EŞ VE YAKIN ANLAMLI / ANLAMDAŞ KELİMELER
Yazılışları ve okunuşları farklı anlamları aynı olan sözcüklere eş anlamlı (anlamdaş) kelimeler-sözcükler denir.
* Bunlar cümlede birbiriyle yer değiştirdiklerinde cümlenin anlamında değişiklik ve bozulma olmaz. Yukarıda örnekler verilmiştir.
* Sözcüklerin eş anlamlı olup olmadıkları, cümle içindeki kullanımlarından belli olur. Yani bir sözcüğün farklı cümlelerde değişik eş anlamları karşımıza çıkabilir.
Örnek :
- Kömür karası gözleri ışıl ışıl parlıyordu. (Kara-Siyah)
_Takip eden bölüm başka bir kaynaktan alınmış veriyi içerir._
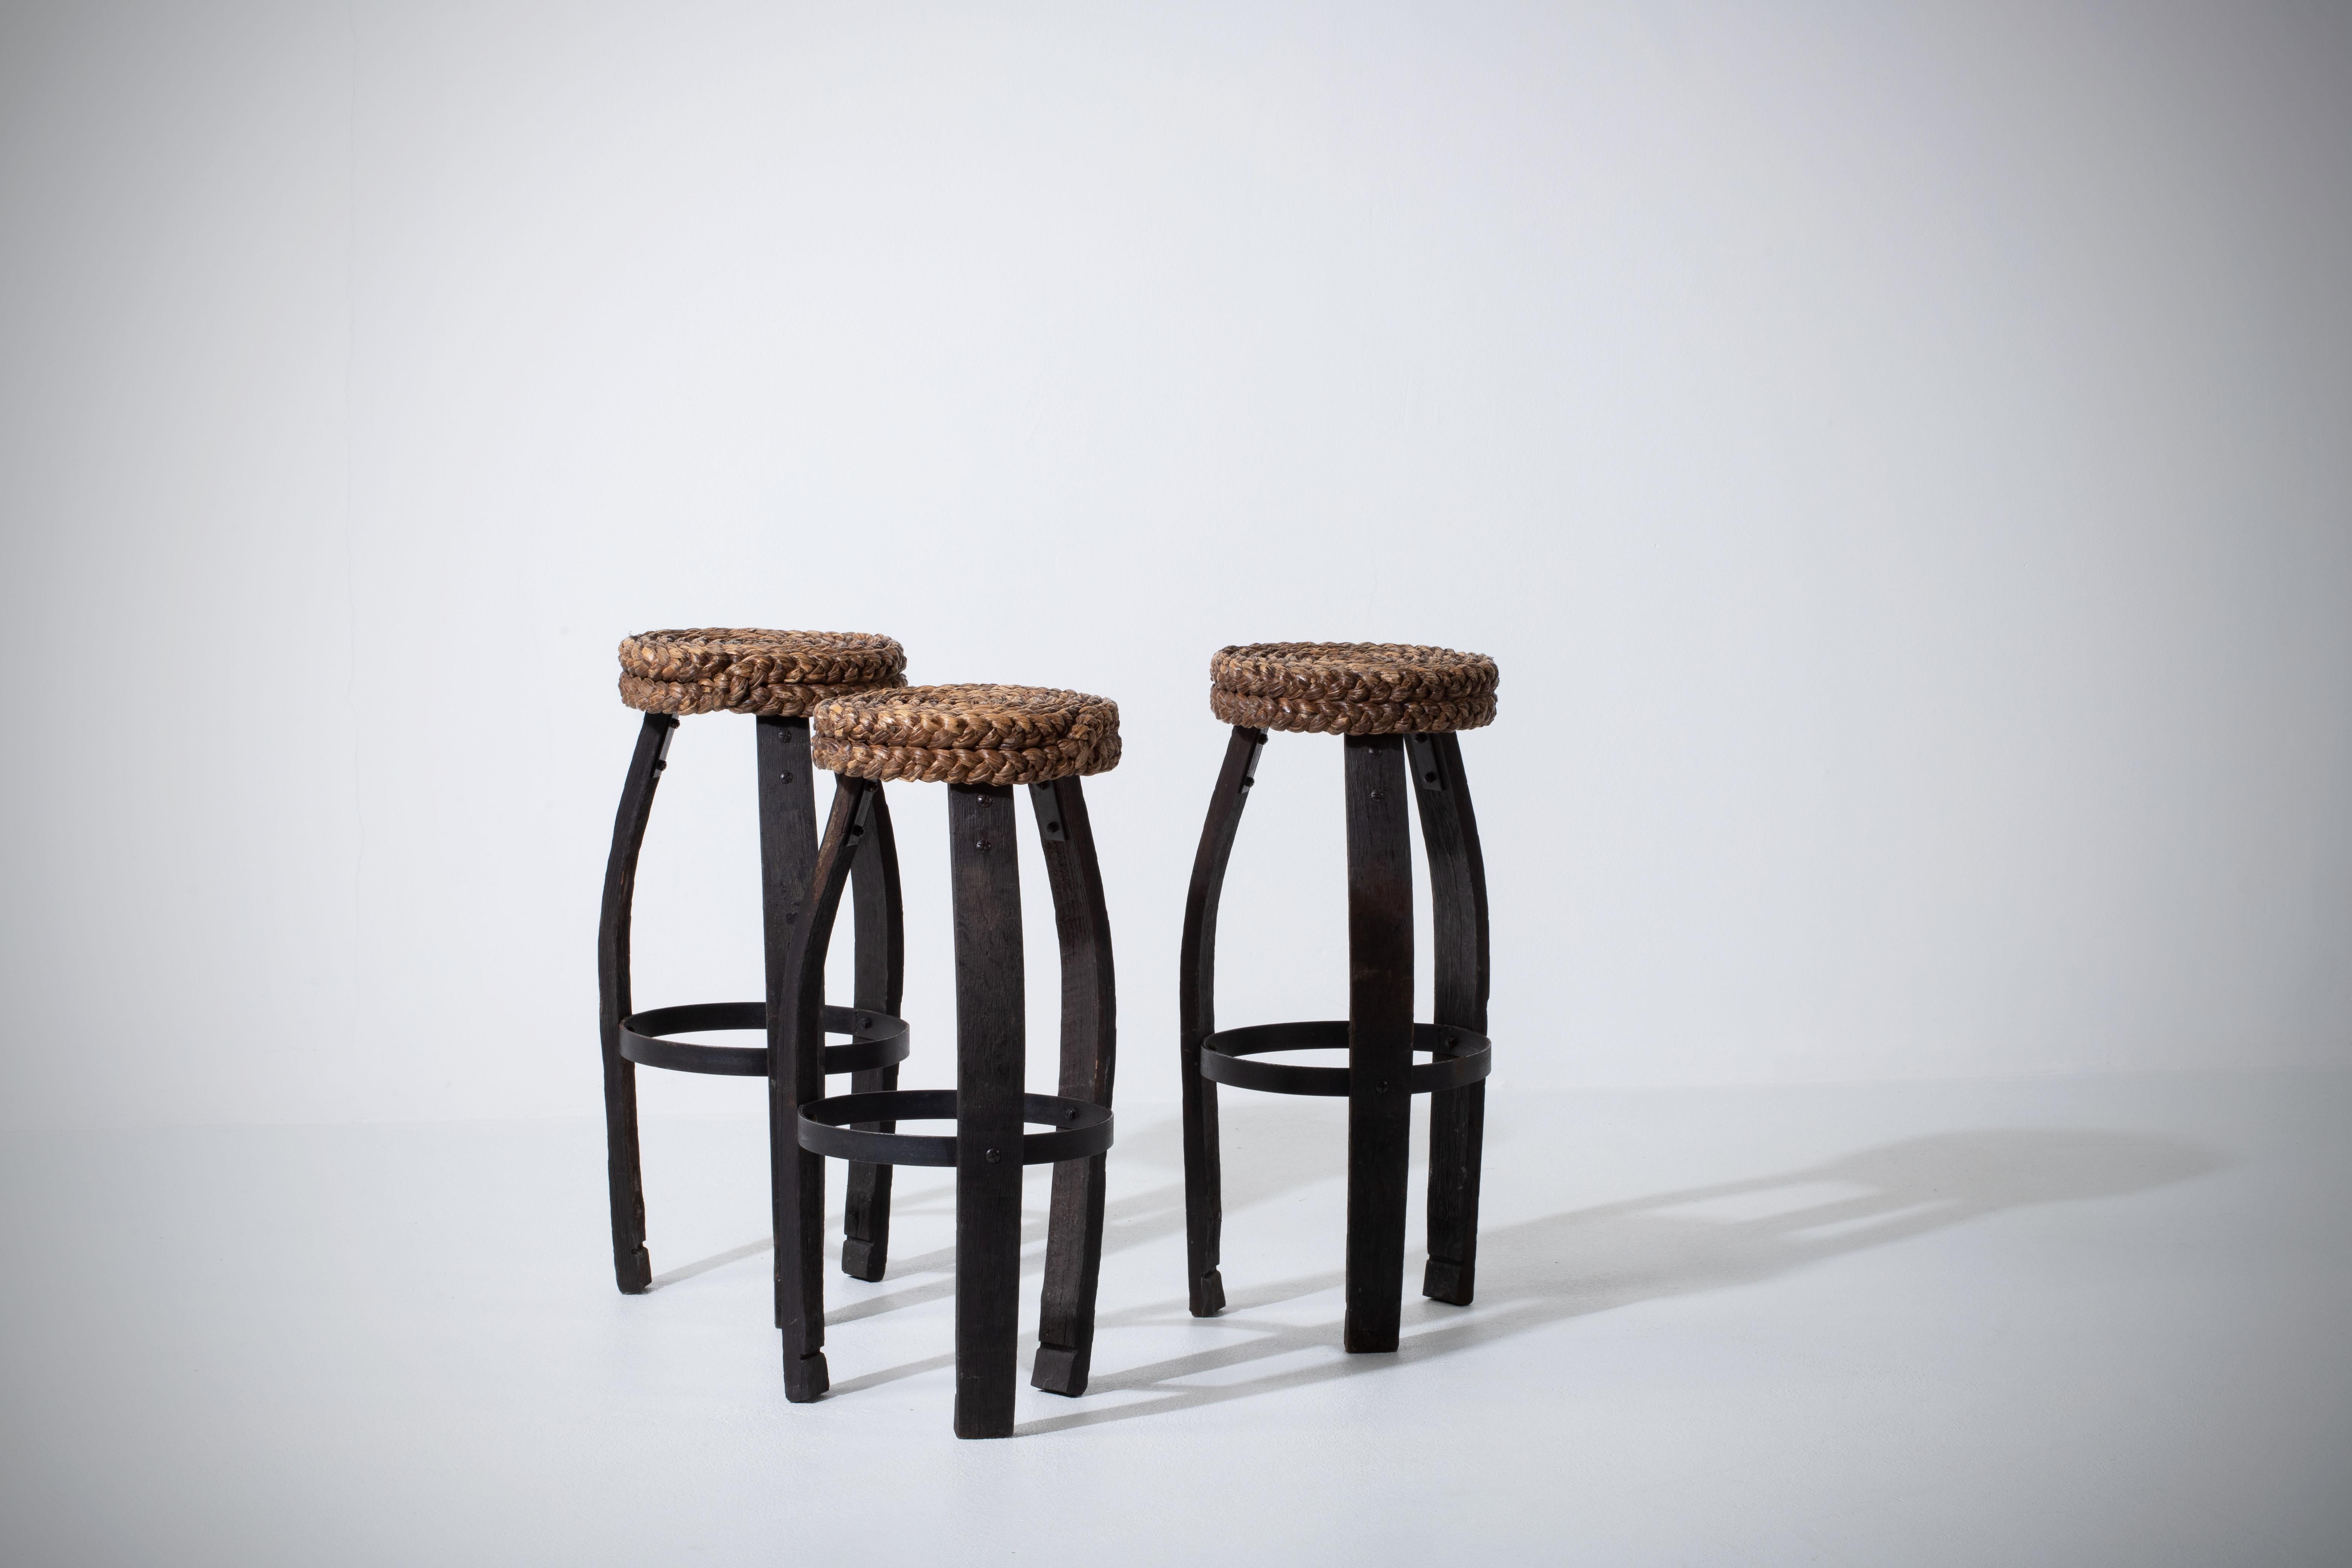 Raffia French Stool by Adrien Audoux & Frida Minet, 1950s For Sale
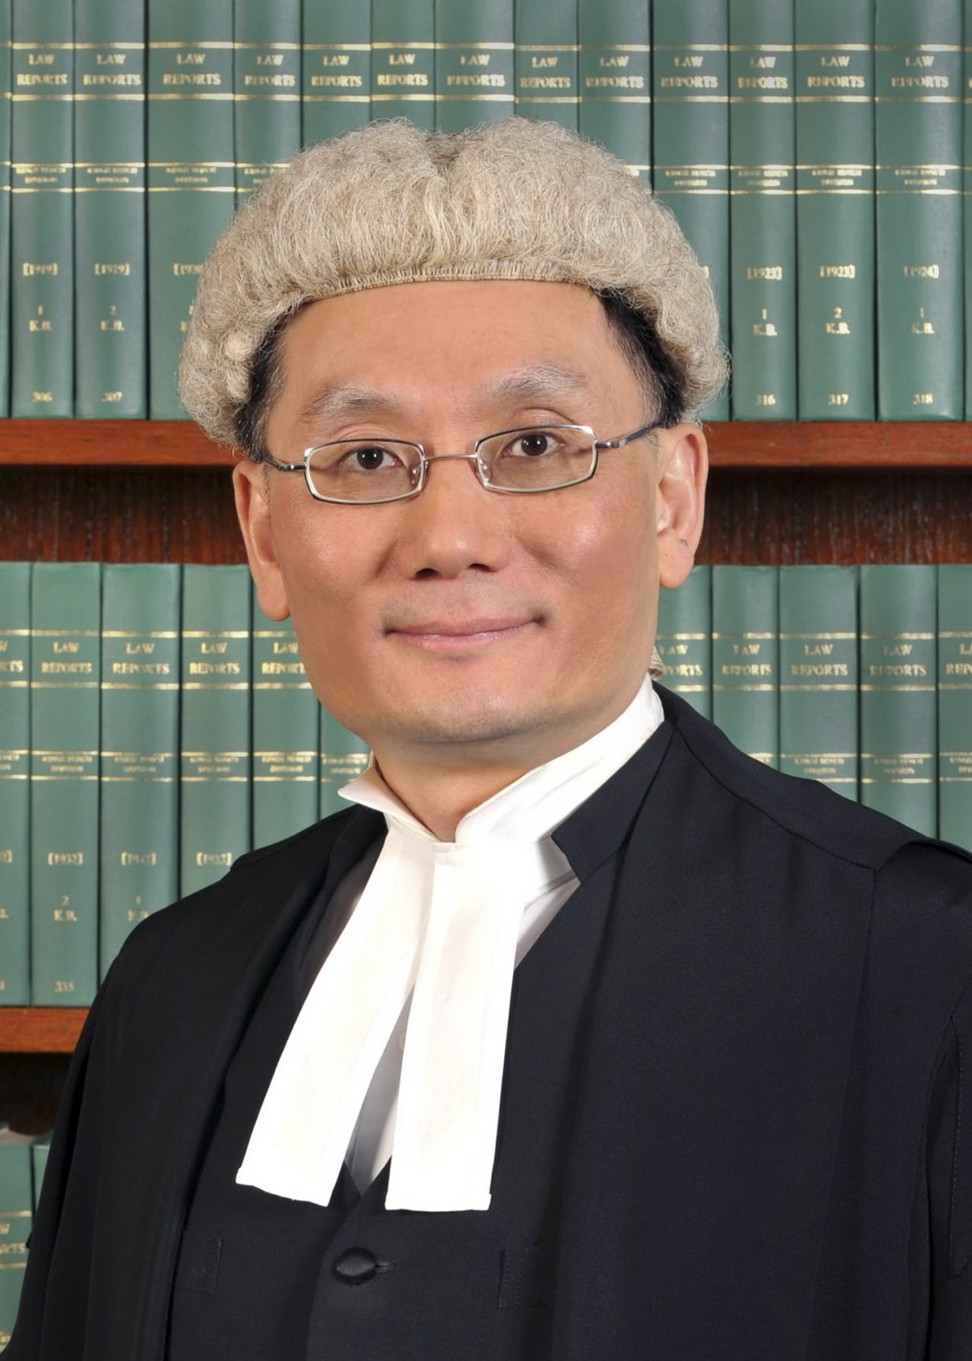 Justice Andrew Cheung has been tipped as the next chief justice of the Court of Final Appeal, with the incumbent due to reveal his retirement in the coming days. Photo: Handout

- Dost, kara günde belli olur. (Kara-Kötü)
* Eş anlamlılıkla ilgili sorular, bazen "altı çizili sözcüğün cümleye kattığı anlam", "hangisinde...anlamı vardır?" gibi de sorulabilir.
Anlamdaş (eş anlamlı) olmadıkları halde zaman zaman birbirinin yerine kullanılan sözcüklere yakın anlamlı sözcükler denir. Bakmak, görmek, izlemek, seyretmek gibi.